Redheaded vixen Florence Welch has made a living writing songs about love, death, misery and even delving into Christian ideology when the occasion calls for it. With a three-and-a-half-year hiatus now behind them, Florence + the Machine have released their third album How Big, How Blue, How Beautiful and it’s nothing less than you’d expect from the critically acclaimed group.

Listening to the LP, it’s immediately evident the English indie rock band are branching away from 2011’s Ceremonials and its dark, robust motif. With new producer Markus Dravs (Arcade Fire, Coldplay) at the helm, this is their first attempt at a rock ‘n’ roll-inspired record and precisely what they needed moving forward. How Big, How Blue, How Beautiful deals with a far more intimate reality – how to live and love in this world, rather than escape it.

The first step on this big, blue, beautiful journey is Ship To Wreck. Jovial with its boisterous drums and guitar-driven arrangement, juxtaposed with ominous lyrics that speak of sleeping pills and alcohol abuse. Having admitted the song refers to her own destructive nature, Welch sings, “Did I drink too much? Am I losing touch?” It was almost not included on the album as Dravs banned further ‘nautical’ concepts. Good thing she rebelled against the notion as it’s one of the best, and most popular, tunes on the album.

What Kind of Man begins with a haunting introduction reminiscent of Ceremonials, and yet is essentially a classic rock firepower when it kicks in with its searing guitar riffs and horn blasts. Whoever pissed Welch off better watch their backs if her fierce performance is anything to go by. In contrast, title track How Big, How Blue, How Beautiful is a melodramatic production with its proclaiming trumpets and catchy drumbeats. Befitting for a song that seems to be one huge metaphor for the Los Angeles sky – home to Hollywood and all its glitz and glamour.

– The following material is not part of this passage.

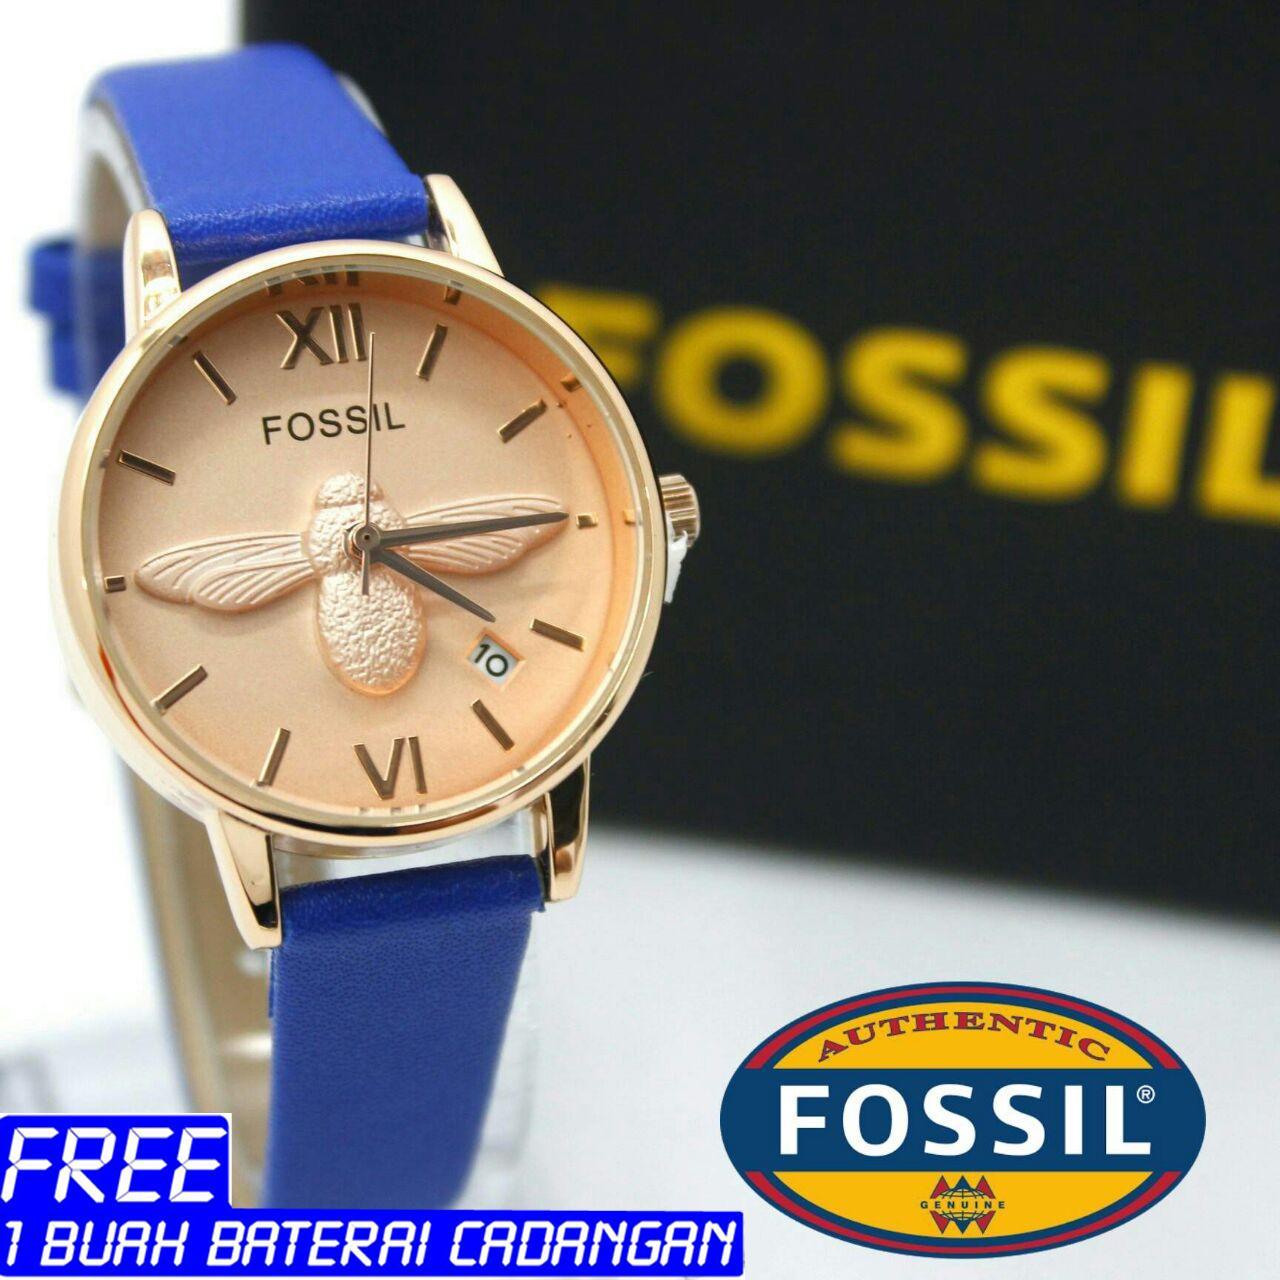 Fossil Es3811 Jam Tangan Wanita Leather Strap Silver Daftar Harga Es3908 Original
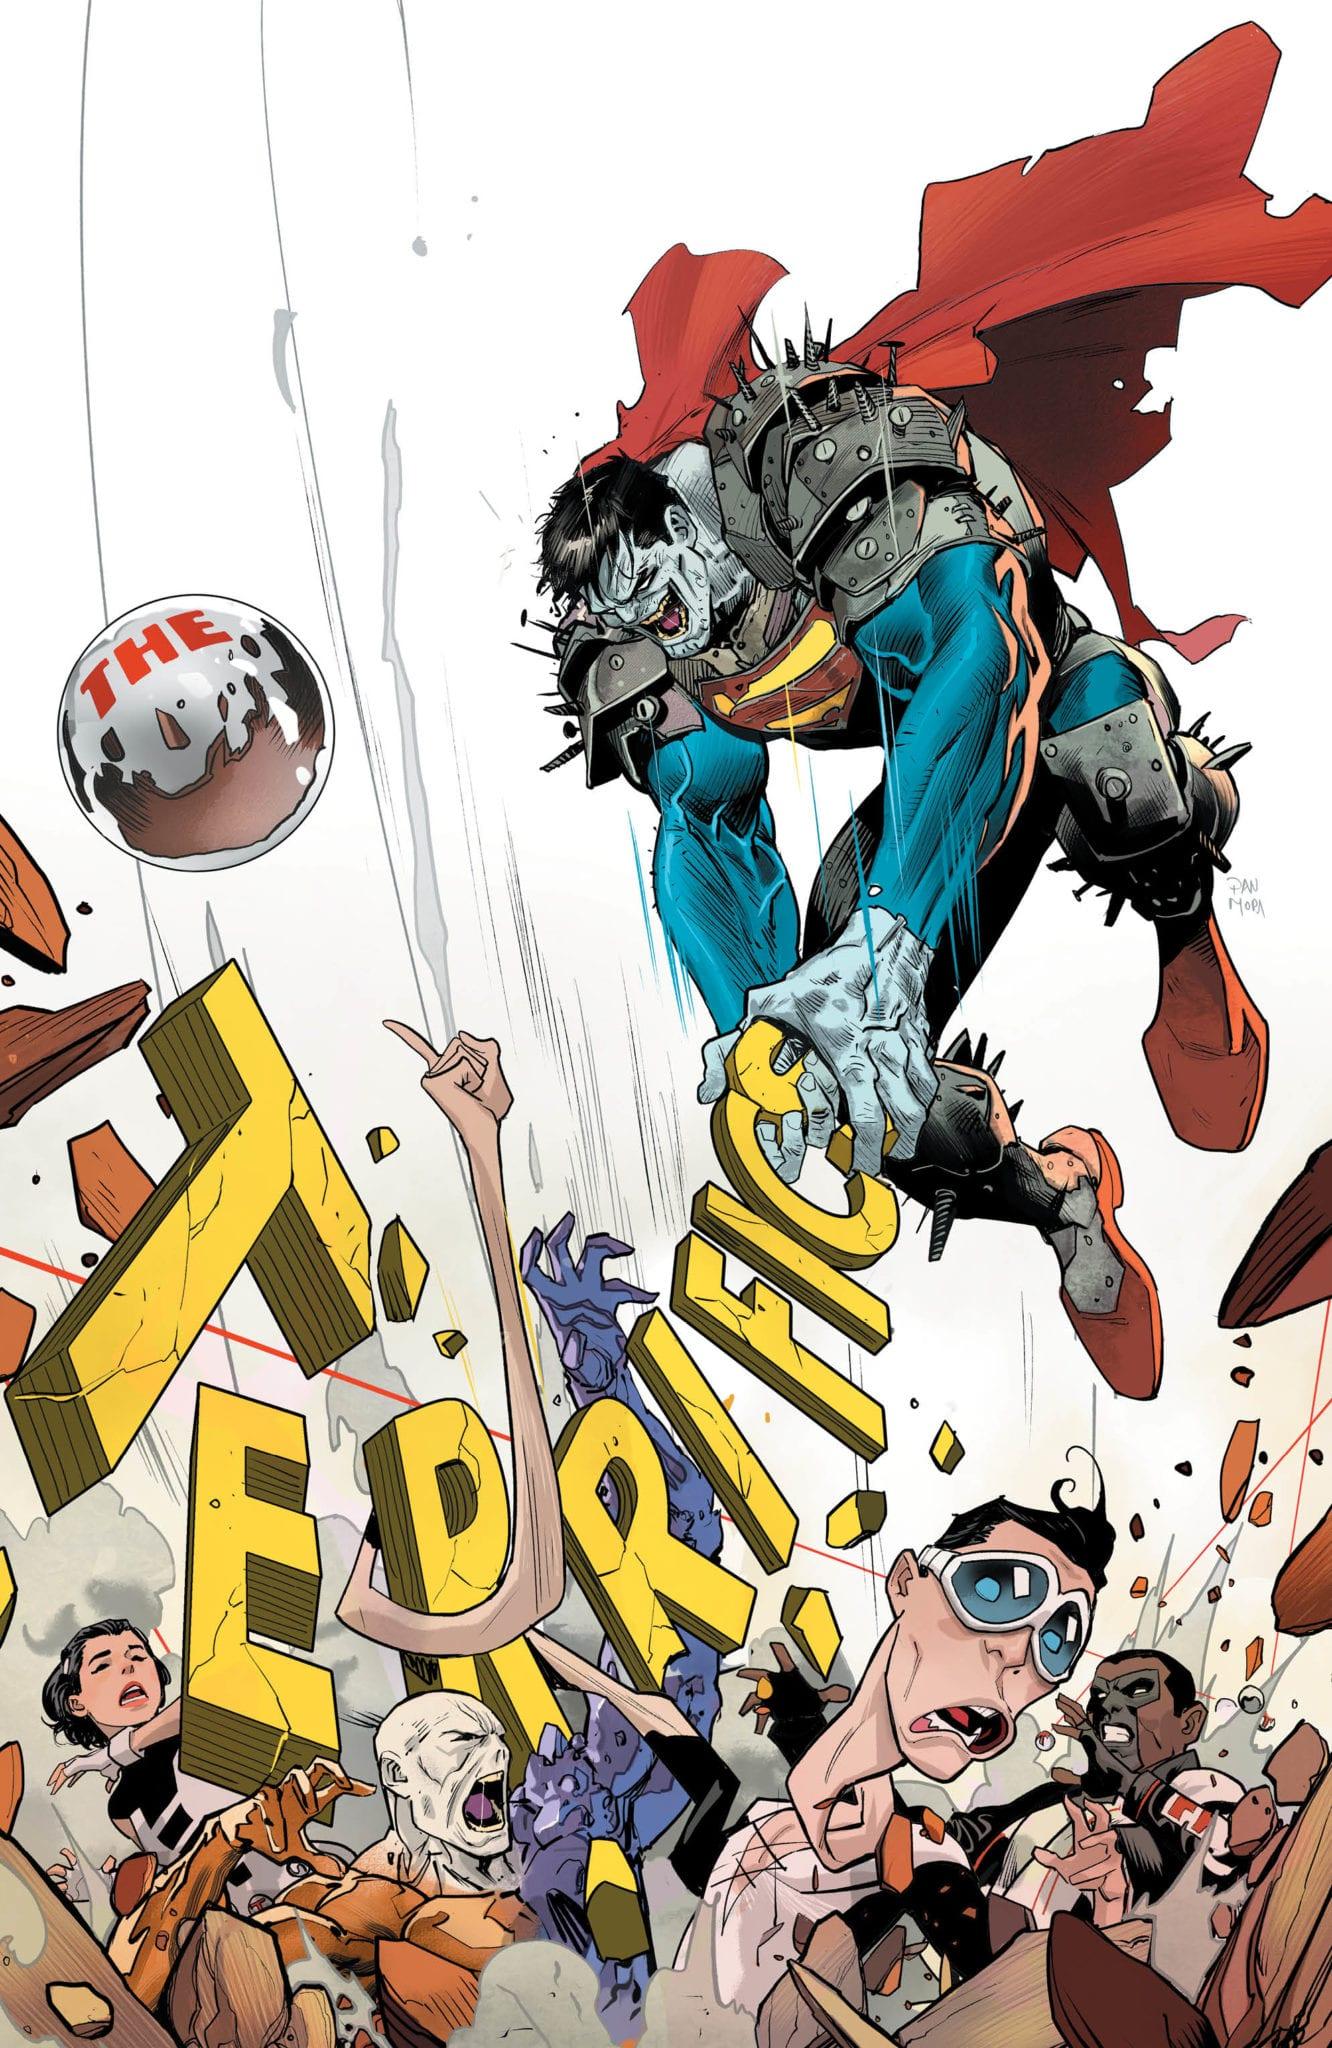 Exclusive DC Comics Preview: THE TERRIFICS #19

Known for her rich storytelling, Welch delivers in spades on energetic anthem Queen Of Peace. Her deep, dark lyrics are chaperoned by strings and brass giving it an old world quality that is broken occasionally with a well strummed guitar. This track will undoubtedly be a crowd favourite at live shows.

Similarly low-key tracks Various Storms & Saints and Long and Lost both quietly drift amongst the emphatic songs that surround them. Their ballad-like melodies cite a tale of love and loss, although it’s Welch’s falsetto in each that astounds. Gospel-infused St Jude walks a very lonesome road, and whilst it has much in common with the gentler tracks on the album, it has a distinct meditative tranquility that allows you to truly connect with the music.

Bluesy, gospel-tinged Mother sees the return of producer Paul Epworth who worked on Lungs and Ceremonials. Abandoning the use of signature instruments, the melody is carried by a heavy use of organ, quirky maracas and guitars. Once the chorus hits, you’re reminded why Florence + the Machine are so good at what they do.

At its core, How Big, How Blue, How Beautiful is an ode to destructive relationships, documenting a full circle of emotions – from loss to anger and eventual hints of recovery that stream through when you reach the final tracks. Fans new and old will definitely enjoy this one.